What to produce ▸
The listing below must be repeated word for word, without its pictures.

Data segment ▸
▬▬▬▬▬▬▬▬▬▬
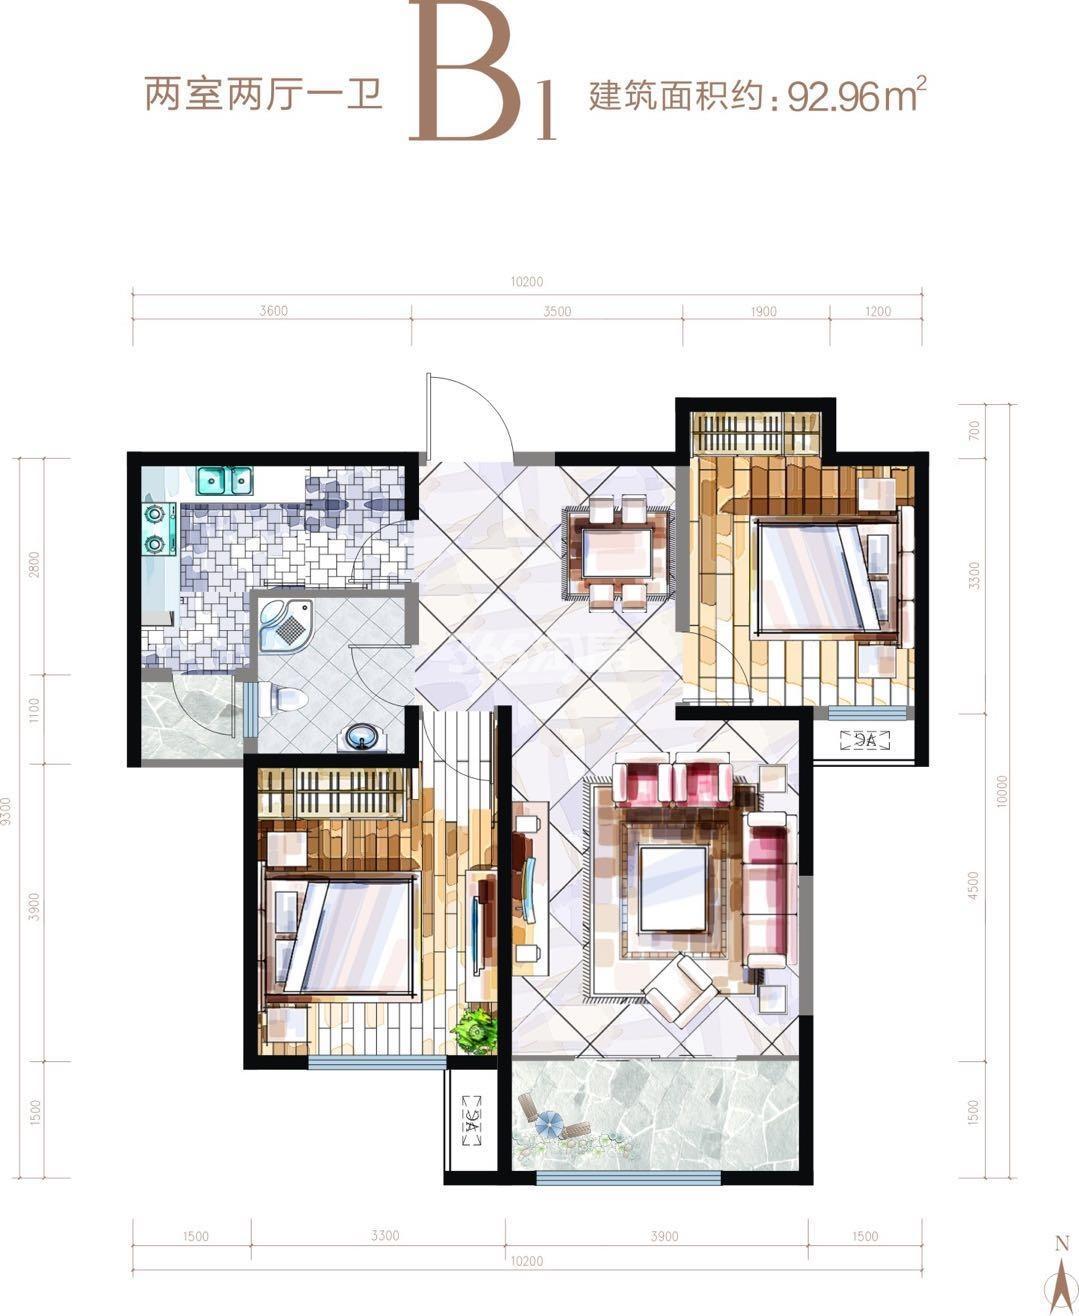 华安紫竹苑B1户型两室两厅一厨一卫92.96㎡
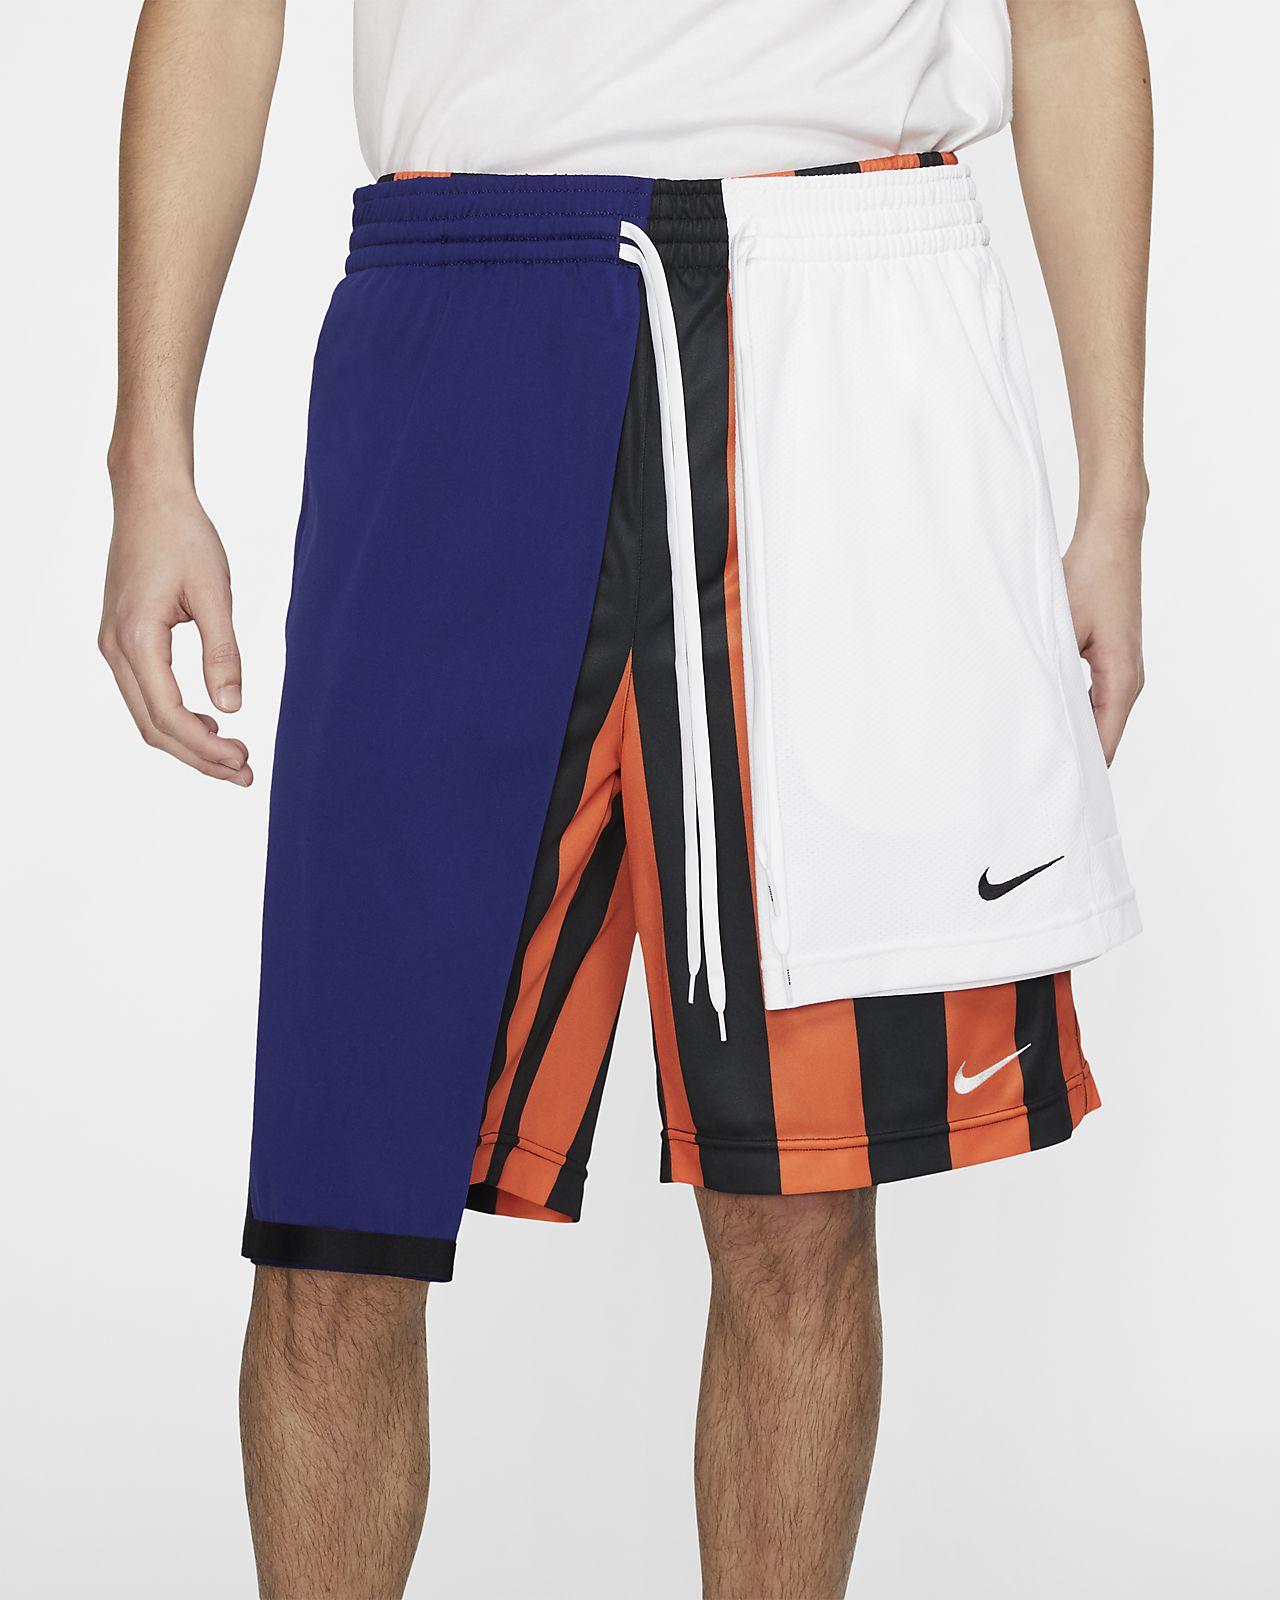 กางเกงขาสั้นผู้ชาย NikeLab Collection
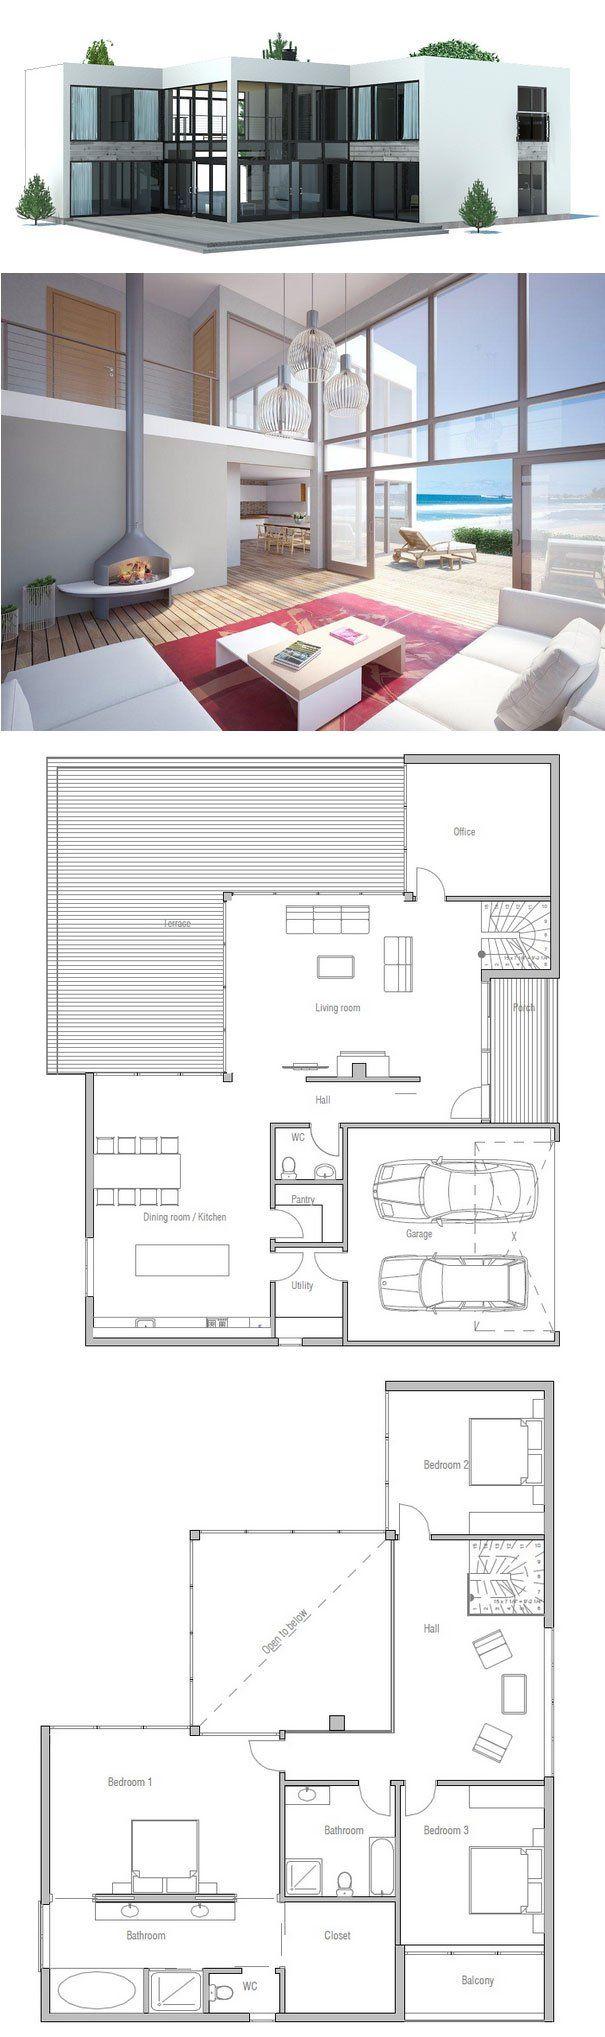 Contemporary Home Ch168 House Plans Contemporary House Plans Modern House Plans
▬▬▬▬▬▬▬▬▬▬
Written reply ▸
 华安紫竹苑B1户型两室两厅一厨一卫92.96㎡
 กางเกงขาสั้นผู้ชาย NikeLab Collection
 Contemporary Home Ch168 House Plans Contemporary House Plans Modern House Plans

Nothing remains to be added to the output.